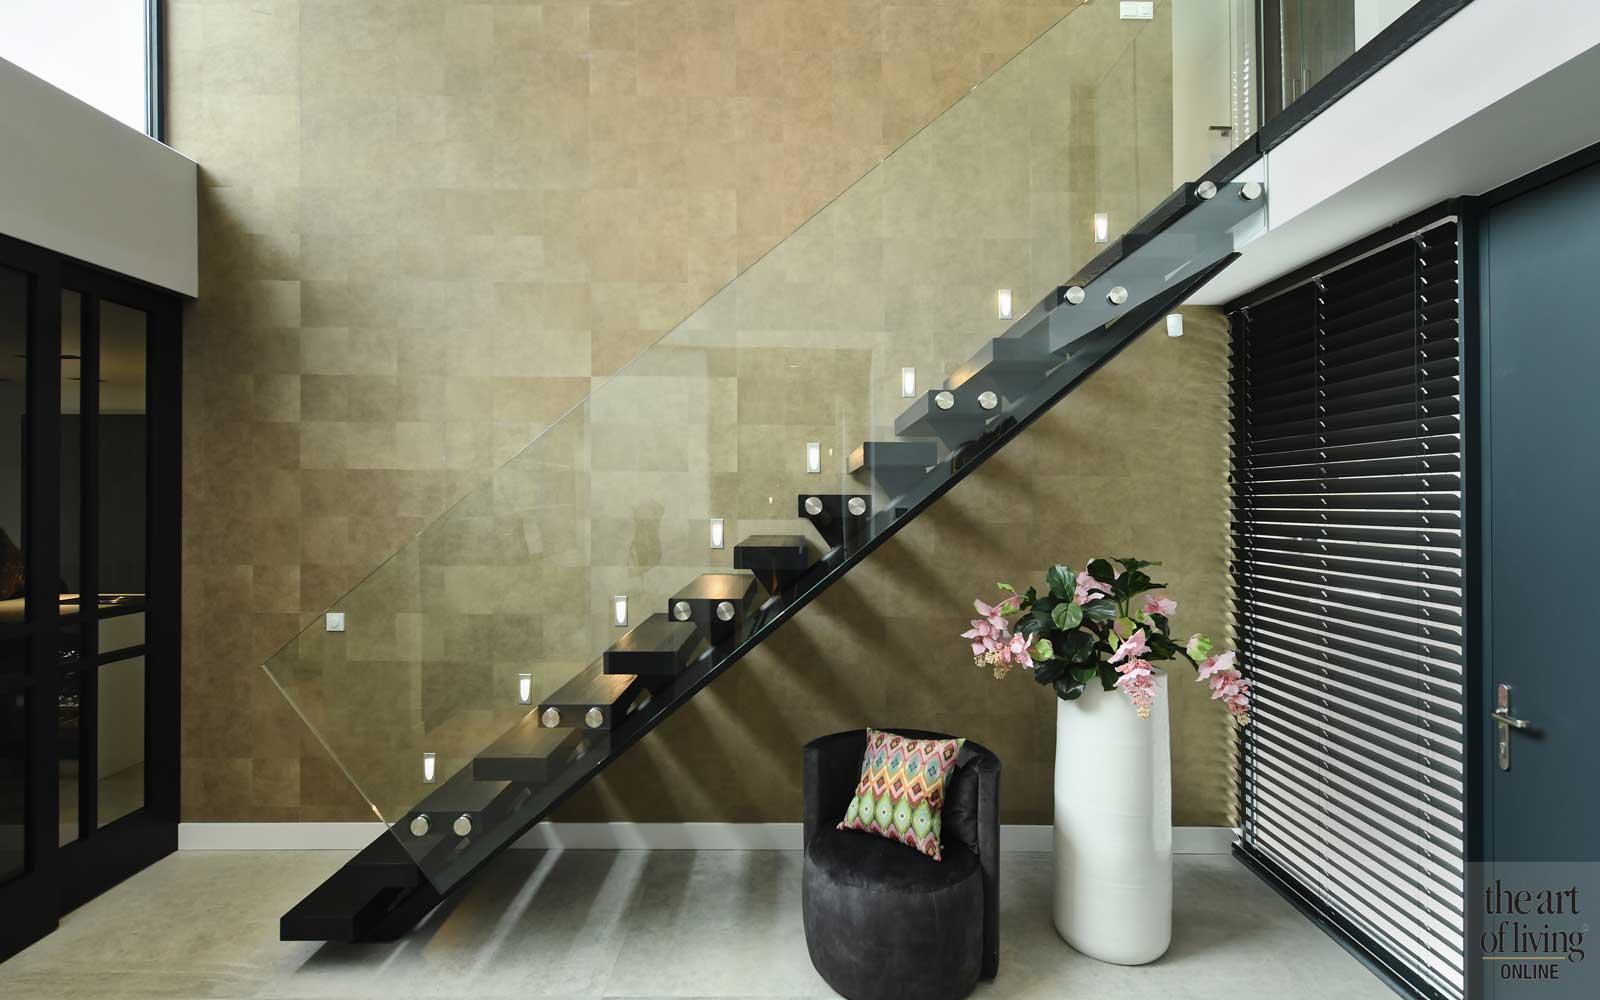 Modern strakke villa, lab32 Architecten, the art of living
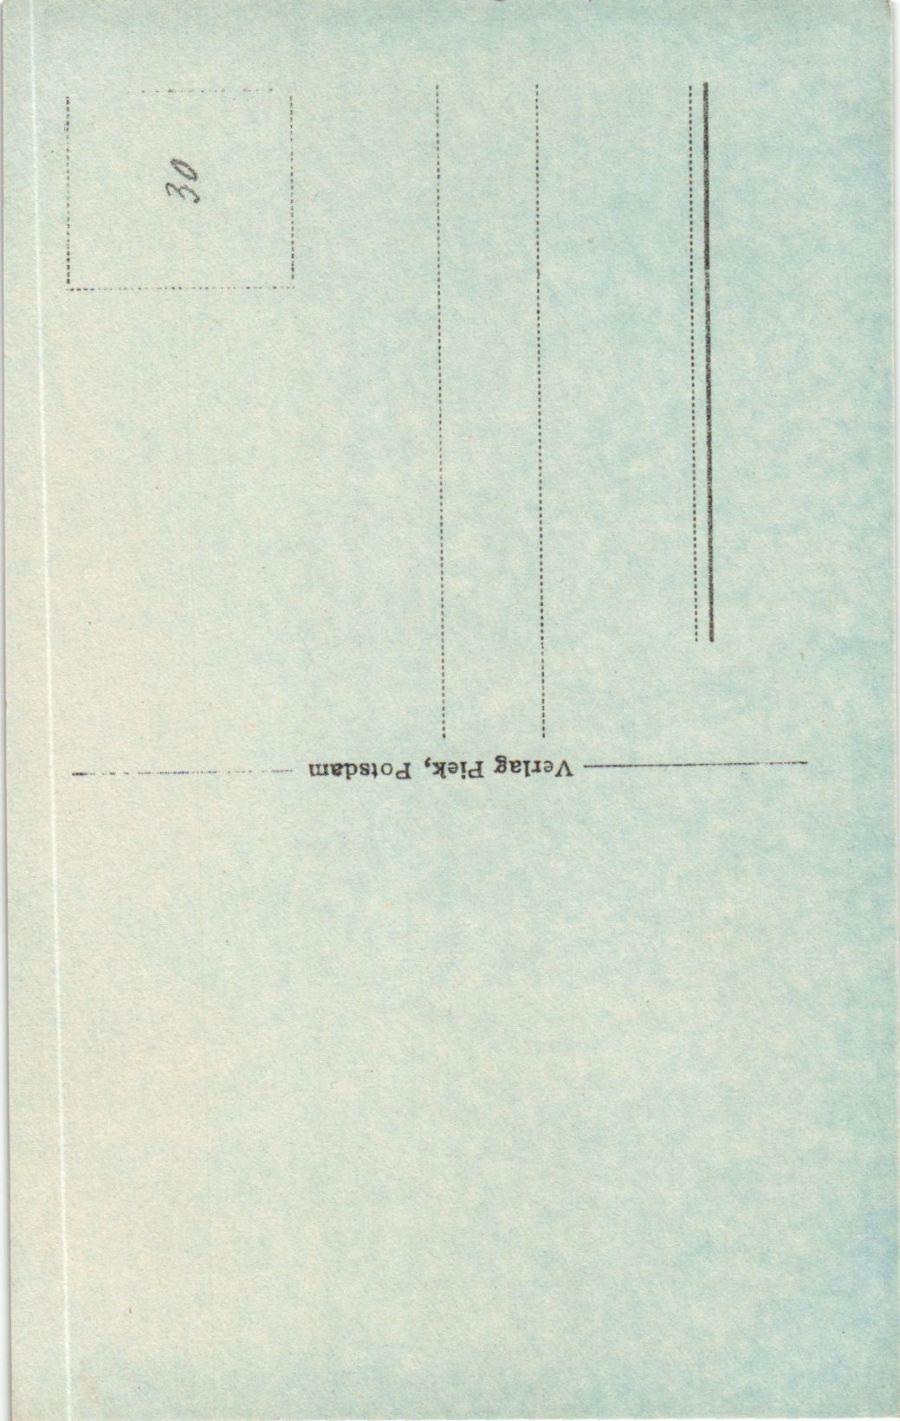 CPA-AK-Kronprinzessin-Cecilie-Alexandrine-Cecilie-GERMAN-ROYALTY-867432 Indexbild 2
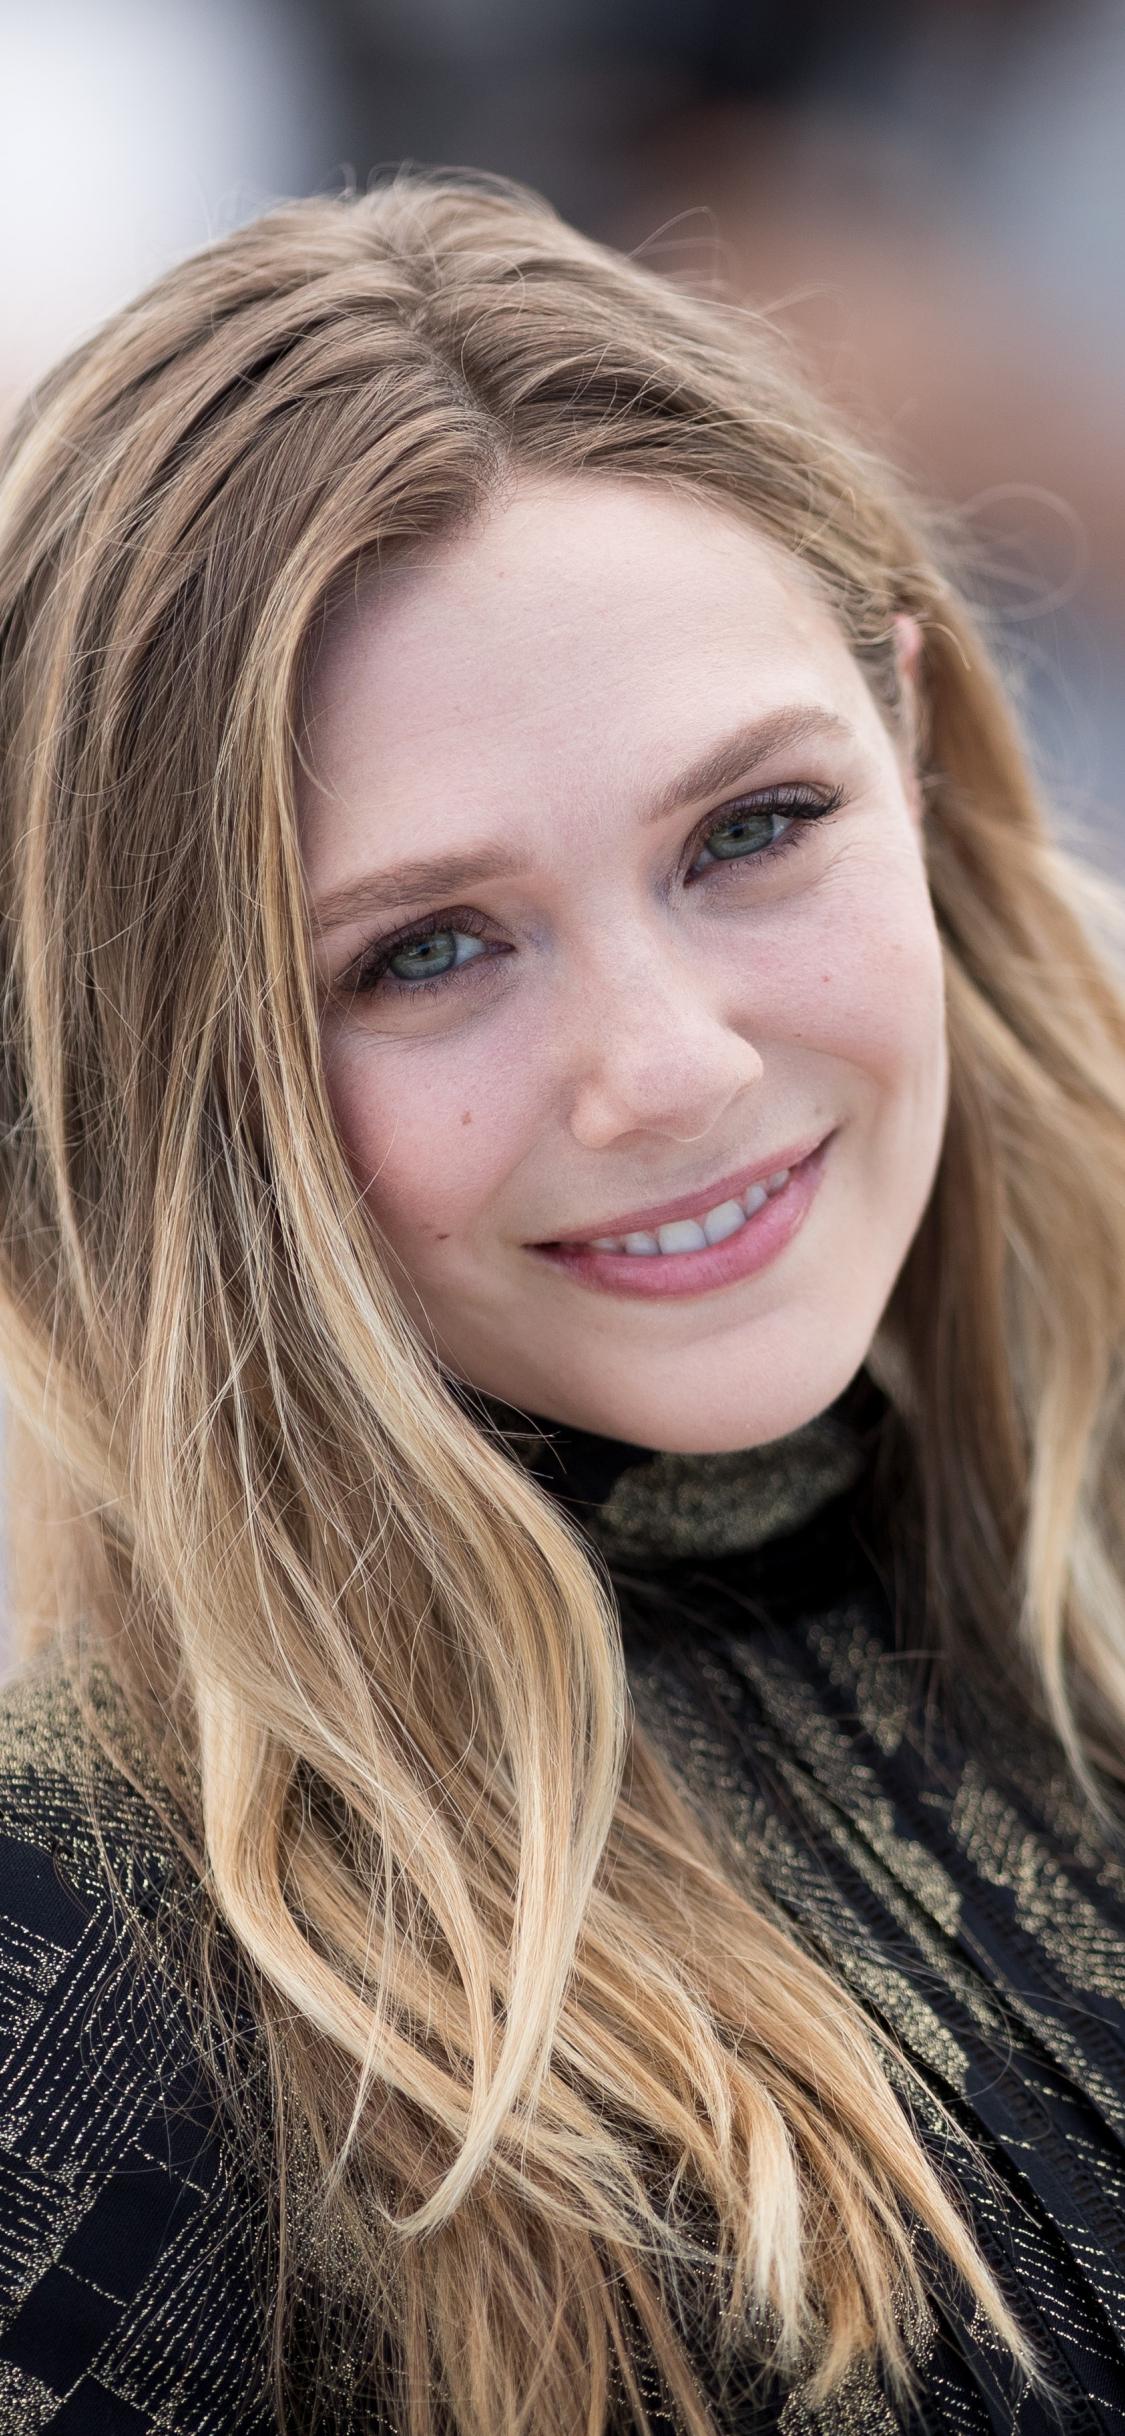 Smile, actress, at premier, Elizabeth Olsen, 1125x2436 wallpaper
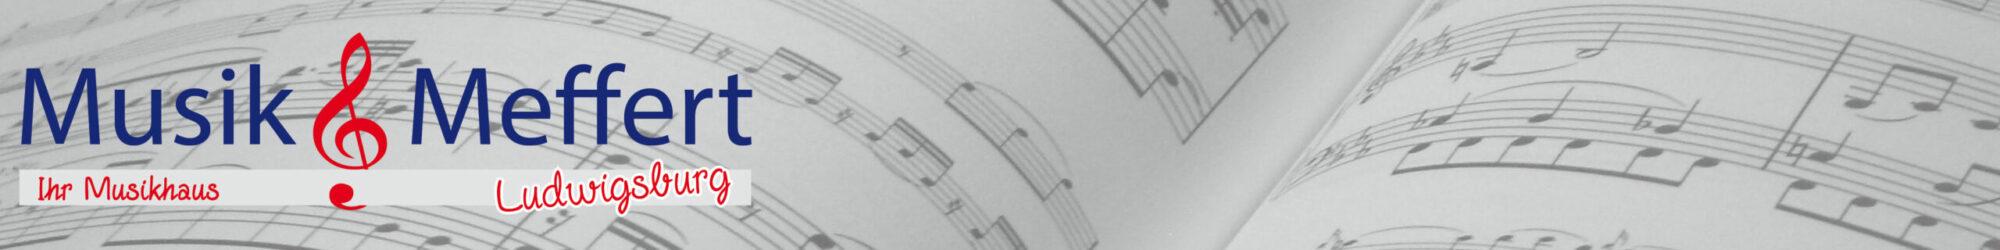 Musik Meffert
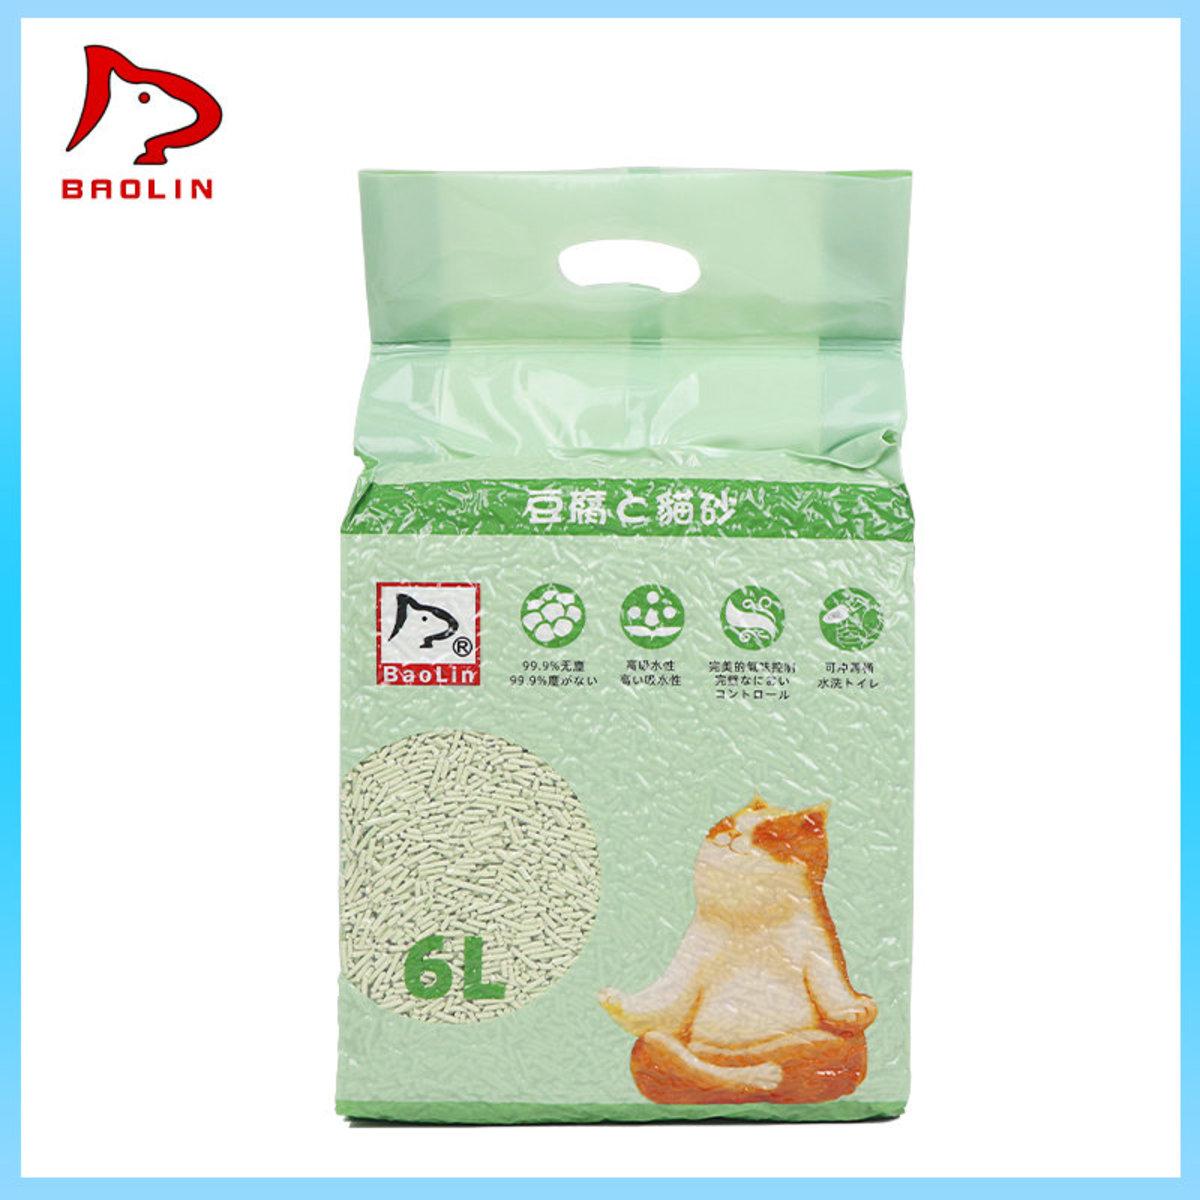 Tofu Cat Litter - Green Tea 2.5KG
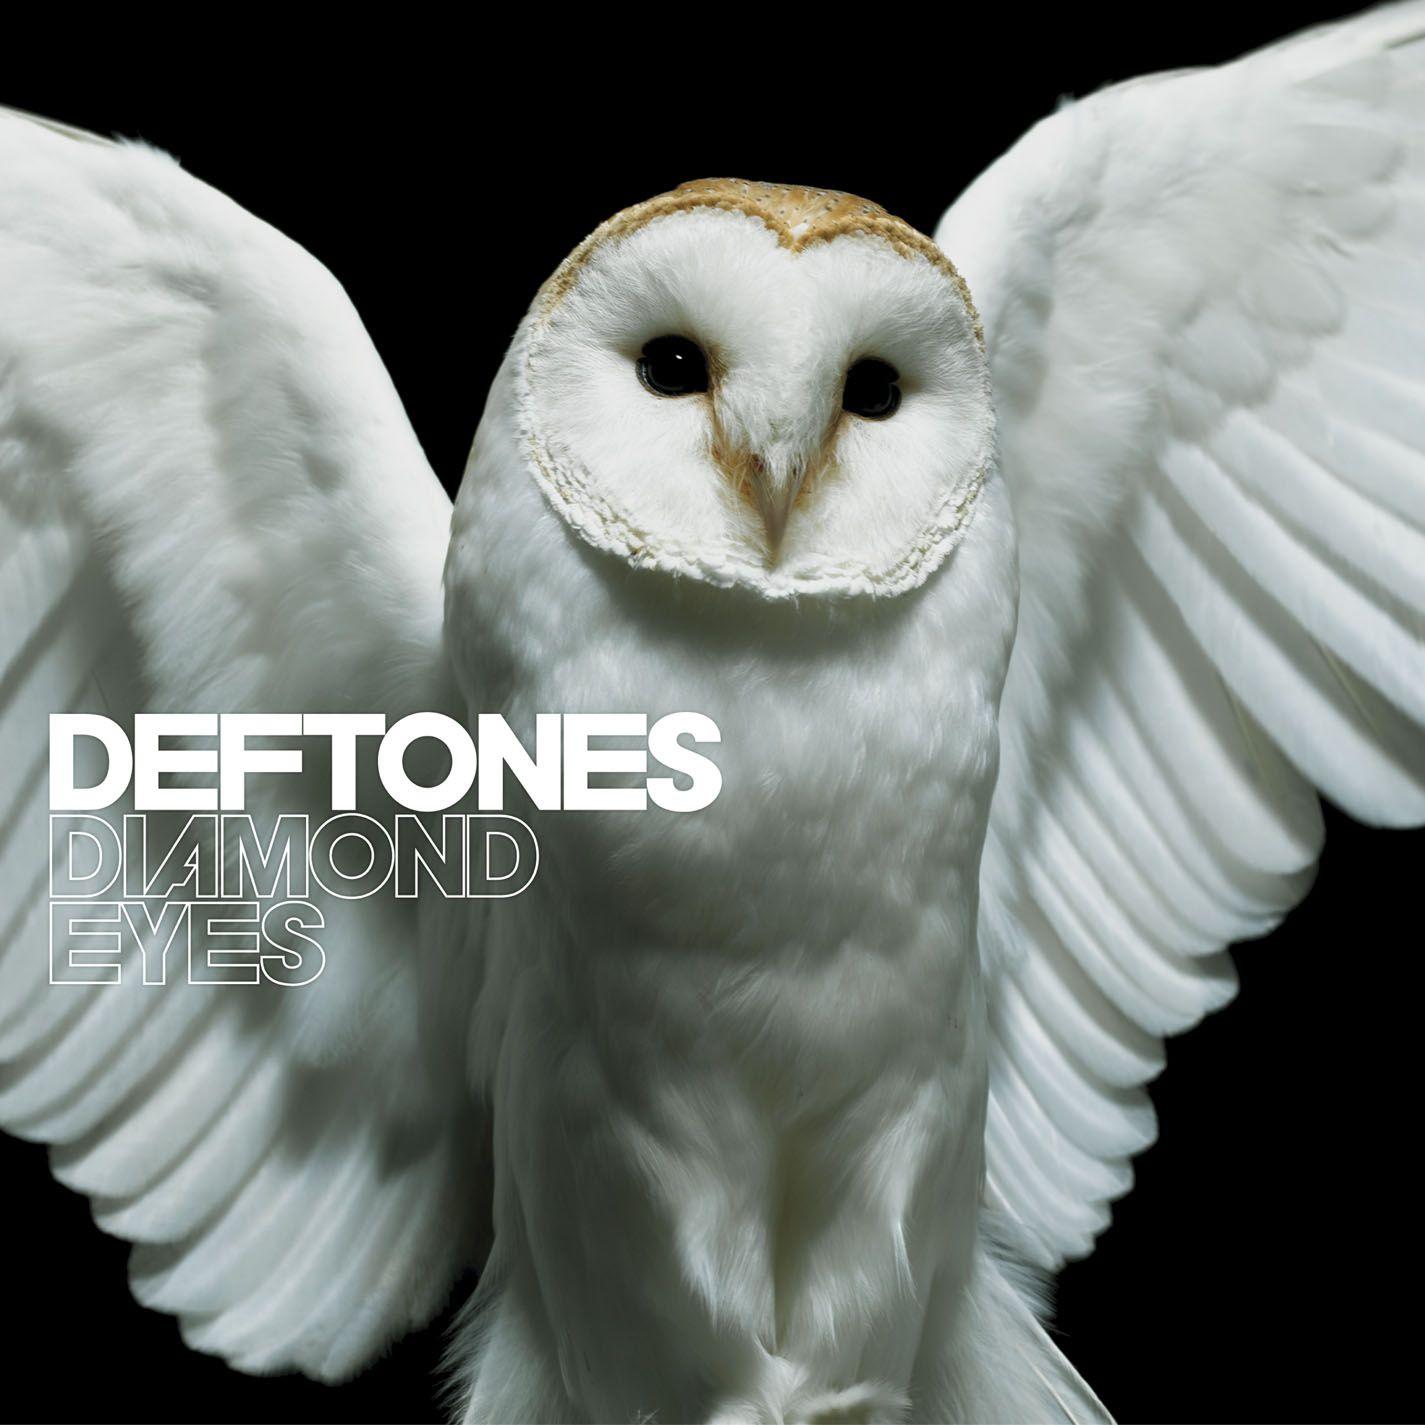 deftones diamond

EXERCISE: Write out the records in full and exactly, omitting the pictures they hold.

ANSWER TO THIS TASK:
 Modern strakke villa, lab32 Architecten, the art of living
 CPA-AK-Kronprinzessin-Cecilie-Alexandrine-Cecilie-GERMAN-ROYALTY-867432 Indexbild 2
 Smile, actress, at premier, Elizabeth Olsen, 1125x2436 wallpaper
 Musik Meffert
 Tofu Cat Litter - Green Tea 2.5KG
 deftones diamond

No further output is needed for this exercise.